Great observations.  As I’ve commented in the past, every company needs a plan - it serves as the foundation of all actions and provides specific goals and objectives.  But the reality today is that the plan is a set of guidelines.  Increasingly, things are changing so rapidly that manufacturers need to combine demand-supply planning with monitoring and collaborative response capabilities to deal with the pace of change.

The collaborative response capabilities must embrace human judgment–using tools such as scenarios–to figure out how to deal with the realities as they unfold, since reality is increasingly not what was in the plan.

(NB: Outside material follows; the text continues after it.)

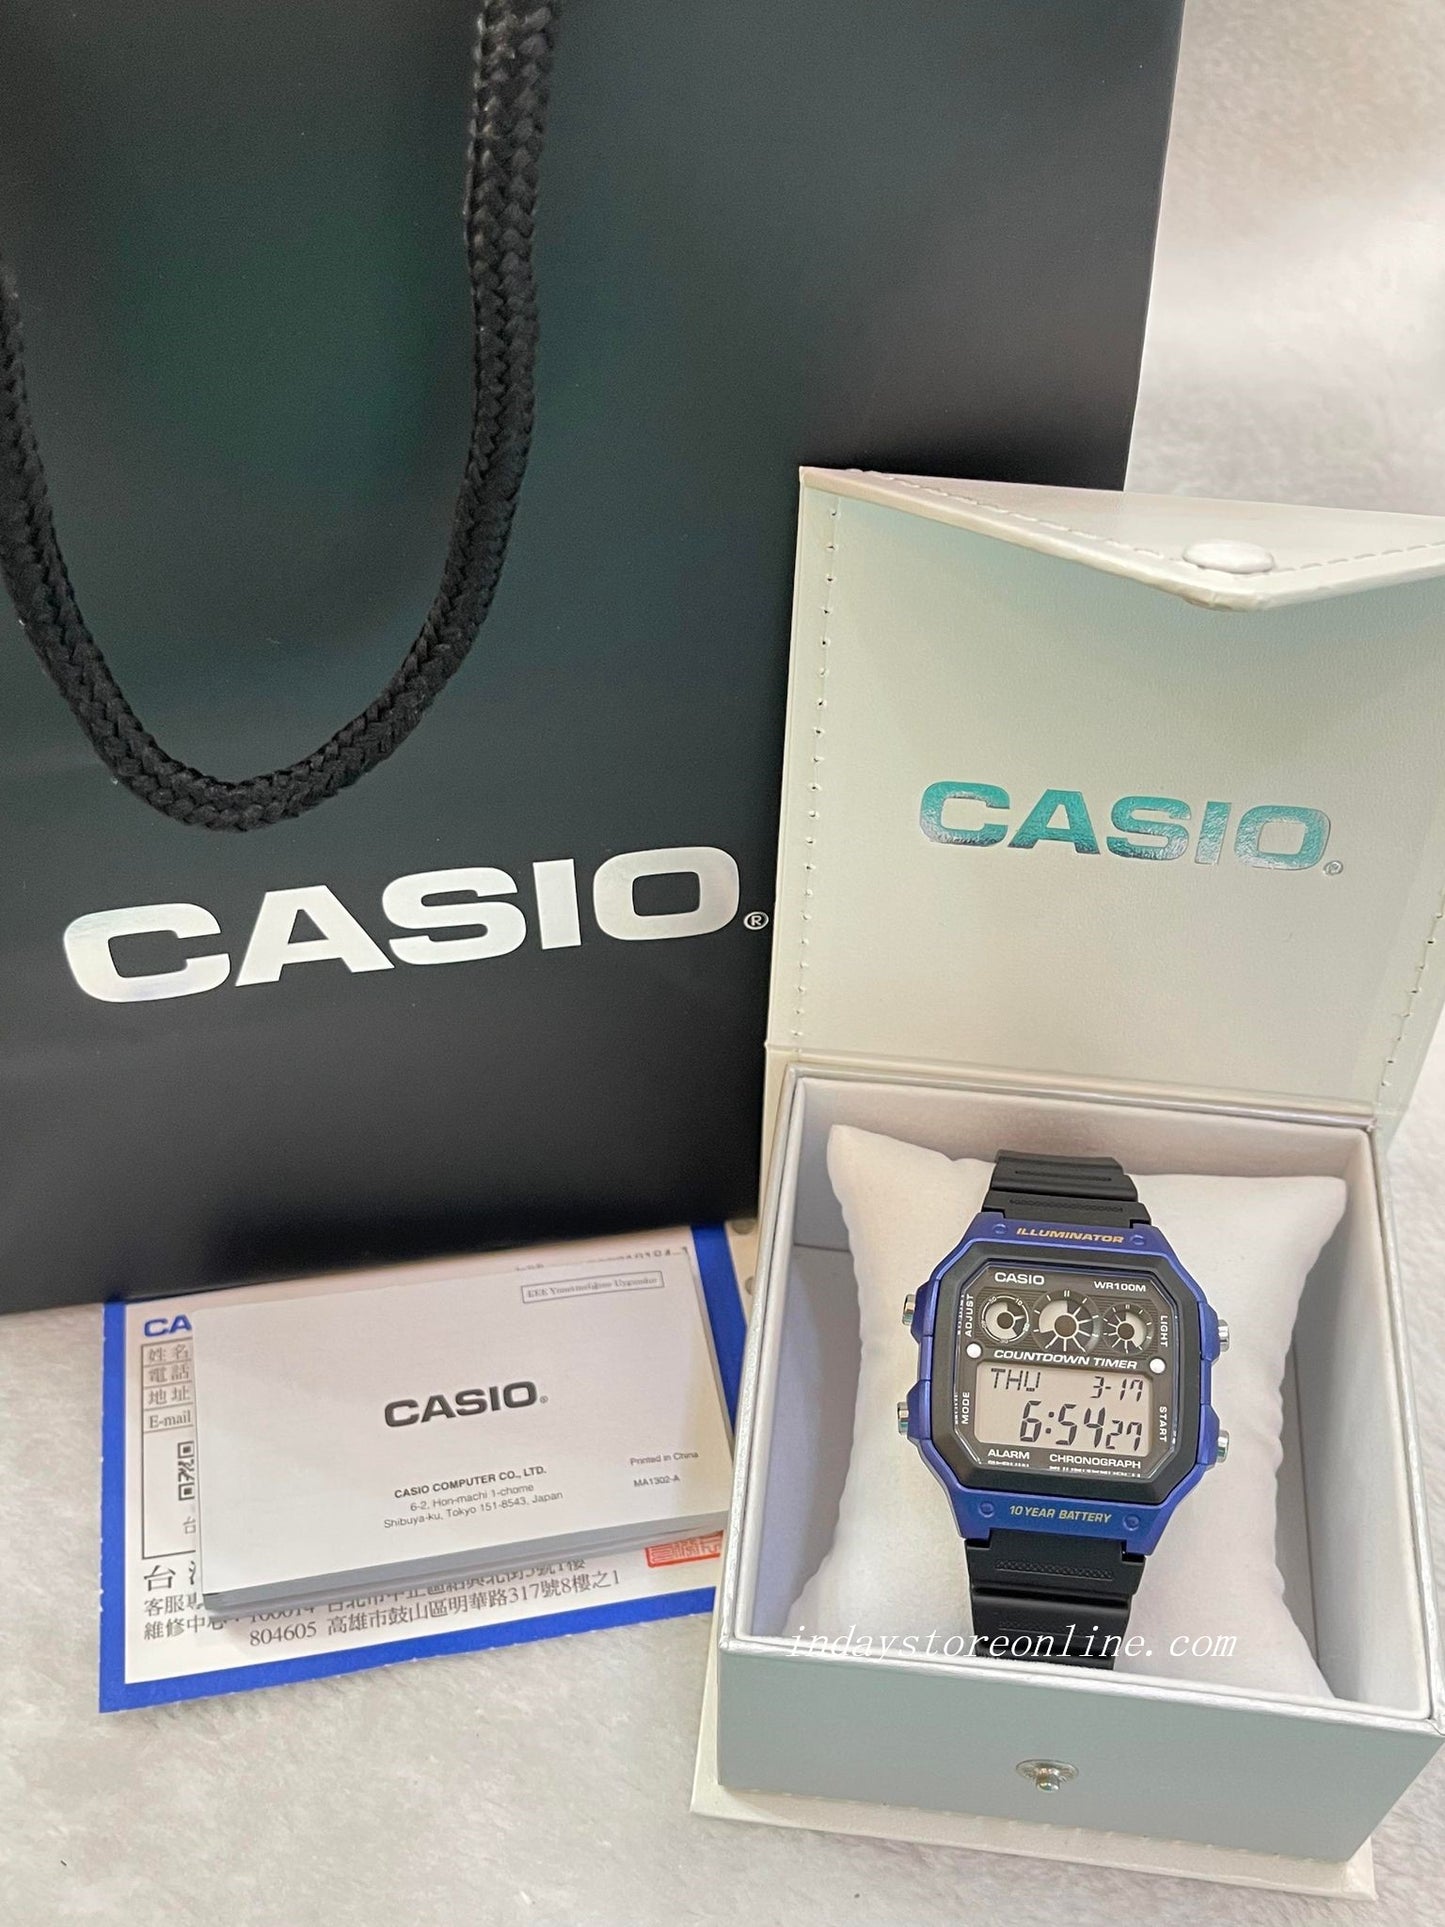 Casio Digital Men's Watch AE-1300WH-2A
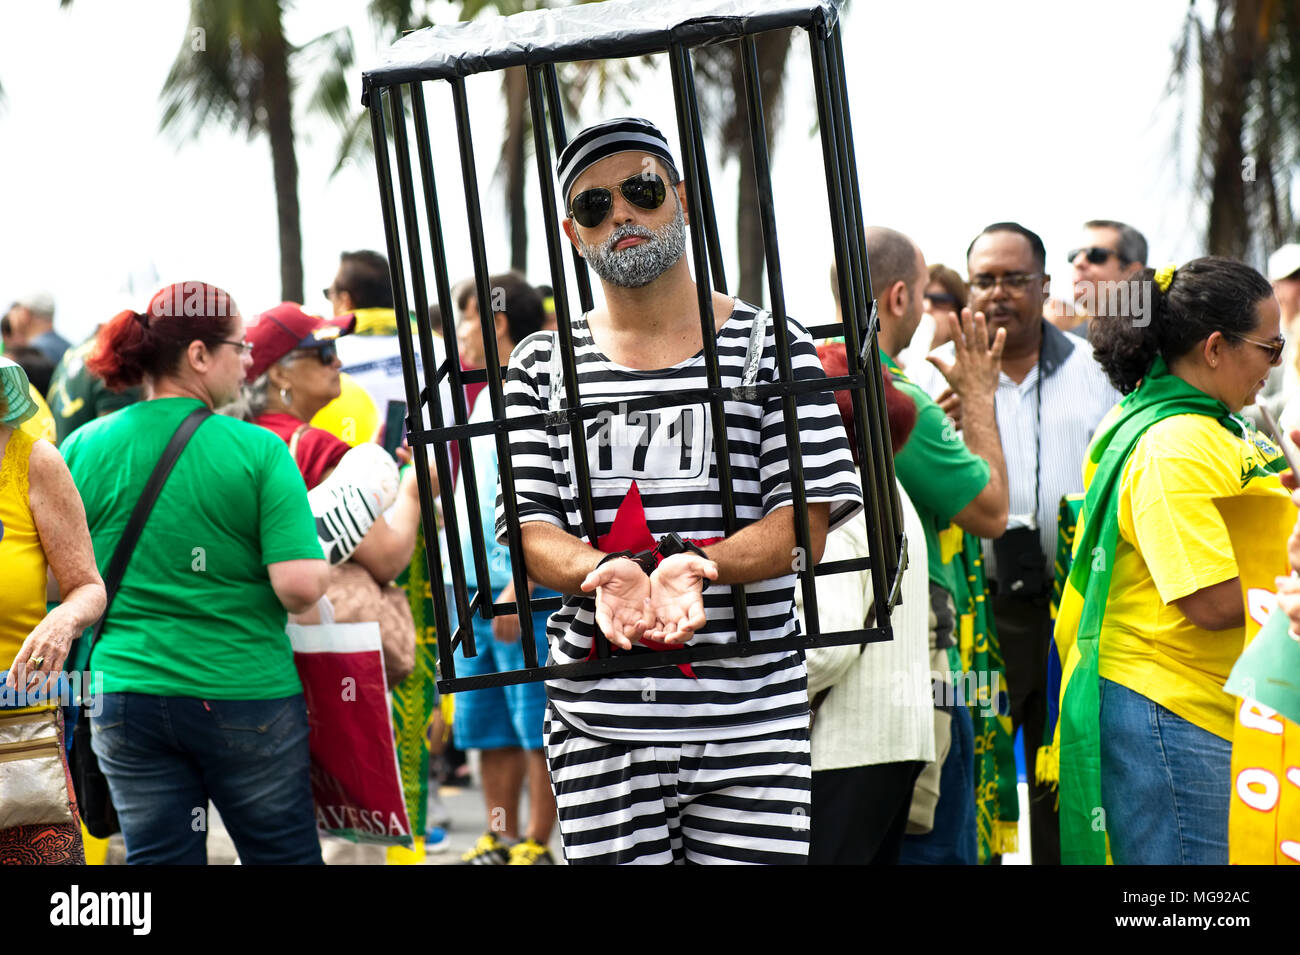 Brésil - Juillet 31, 2016 Des manifestants : prendre part à une manifestation pour réclamer la destitution du Président Dilma et l'arrestation de l'ancien Président Lula Banque D'Images

For years companies have  been conditioned to focus on supply chain planning and supply chain execution.  If you could do this better than anyone else, you won the supply chain management game.  But that’s no longer sufficient.  We’ve entered a new era of surprise and compromise that needs to be supported by a new set of tools designed specifically for this new reality.  Traditional demand planning and supply chain planning systems have failed us in this new reality.

The appropriate scenario management capabilities into the hands of the key people within the supply chain management function can provide breakthroughs in dealing with today’s new era of uncertainty.

The traditional view on supply chain management is changing

Monday, July 7th, 2008

I’ve suggested several times (see here as one example) that there’s a change underway in how supply chain management is viewed.  The traditional view is that supply chain management is all about cost reductions - impacting the bottom line.  I’ve suggested in the past that I’m seeing a shift, where more and more companies are seeing the strategic impact that supply chain management excellence can have on the top line.

IndustryWeek just published an article citing new research from Archstone Consulting that states the following: “Over 80% of manufacturers have responded to the current economic climate by devising aggressive agendas to boost sales and cut costs.”  They went on to say “An interesting pattern emerged, in that manufacturers across the board have high expectations for their supply chains to both boost revenues and reduce costs.”

It took some pretty intense market pressures, but this is a positive shift for the long-term.

Is your inventory an asset or liability?

Tuesday, July 1st, 2008

Charlie Barnhart has written a very thought provoking post here stating that inventory is not an asset.  This is a great topic given today’s market forces and something I’ve written about several times (see here, here and here).  Charlie has actually written a paper on this topic that you can access here.

While accounting is unlikely to change their categorization of inventory as an asset, supply chain management professionals increasingly realize that inventory is more a liability than asset.  The pace of change today is making that a reality for everyone involved in supply chain management.  Charlie has some great insights on the topic based on his years of experience in the contract manufacturing market, where inventory plays a central role.